3. D’autre part, aux termes de l’article 99 du code général des impôts, dans sa rédaction alors applicable : « Les contribuables soumis obligatoirement au régime de la déclaration contrôlée ou qui désirent être imposés d’après ce régime sont tenus d’avoir un livre‑journal servi au jour le jour et présentant le détail de leurs recettes et de leurs dépenses professionnelles. / Le livre‑journal tenu par les contribuables non‑adhérents d’une association de gestion agréée comporte, quelle que soit la profession exercée, l’identité déclarée par le client ainsi que le montant, la date et la forme du versement des honoraires (…) ». Aux termes de l’article L. 13‑0 A du livre des procédures fiscales : « Les agents de l’administration des impôts peuvent demander toutes informations relatives au montant, à la date et à la forme des versements afférents aux recettes de toute nature perçues par les personnes dépositaires du secret professionnel en vertu des dispositions de l’article 226‑13 du code pénal. Ils ne peuvent demander de renseignements sur la nature des prestations fournies par ces personnes ».

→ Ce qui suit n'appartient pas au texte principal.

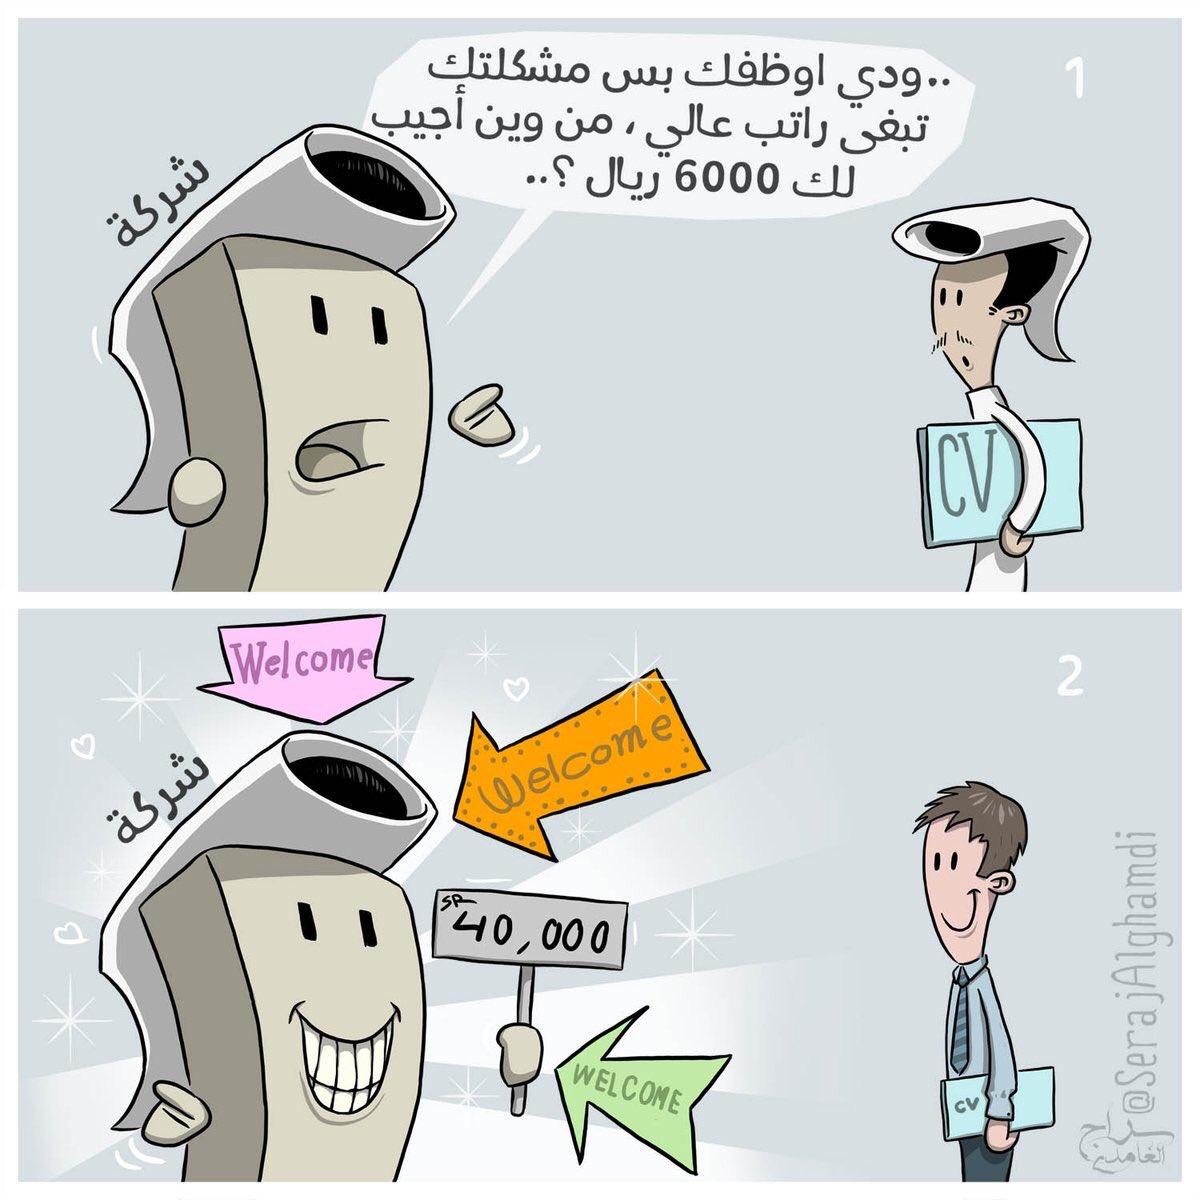 كاريكاتير يختصر الكثيييير #بلد_المليون_ك...

4. Les dispositions des articles 99 et 1649 quater G du code général des impôts imposent aux membres des professions dépositaires d’un secret professionnel en vertu de l’article 226-13 du code pénal d’indiquer sur leurs documents comptables, outre le montant, la date et la forme du versement des honoraires, l’identité du client. Il résulte, d’autre part, des dispositions de l’article L. 13-0-A du livre des procédures fiscales, que le législateur a entendu délimiter strictement le champ des informations que l’administration fiscale est susceptible de demander à ces professionnels. Ces dispositions ne font pas obstacle à ce que l’administration prenne connaissance, pendant les opérations de contrôle, de factures établies par un avocat pour des prestations destinées à des clients nommément désignés, dès lors que ces documents ne comportent aucune indication, même sommaire, sur la nature des prestations fournies à ces clients. Elles font, en revanche, obstacle à ce que le vérificateur procède à des demandes complémentaires relatives à l’identité des clients concernés ou cherche à obtenir des renseignements sur la nature des prestations fournies.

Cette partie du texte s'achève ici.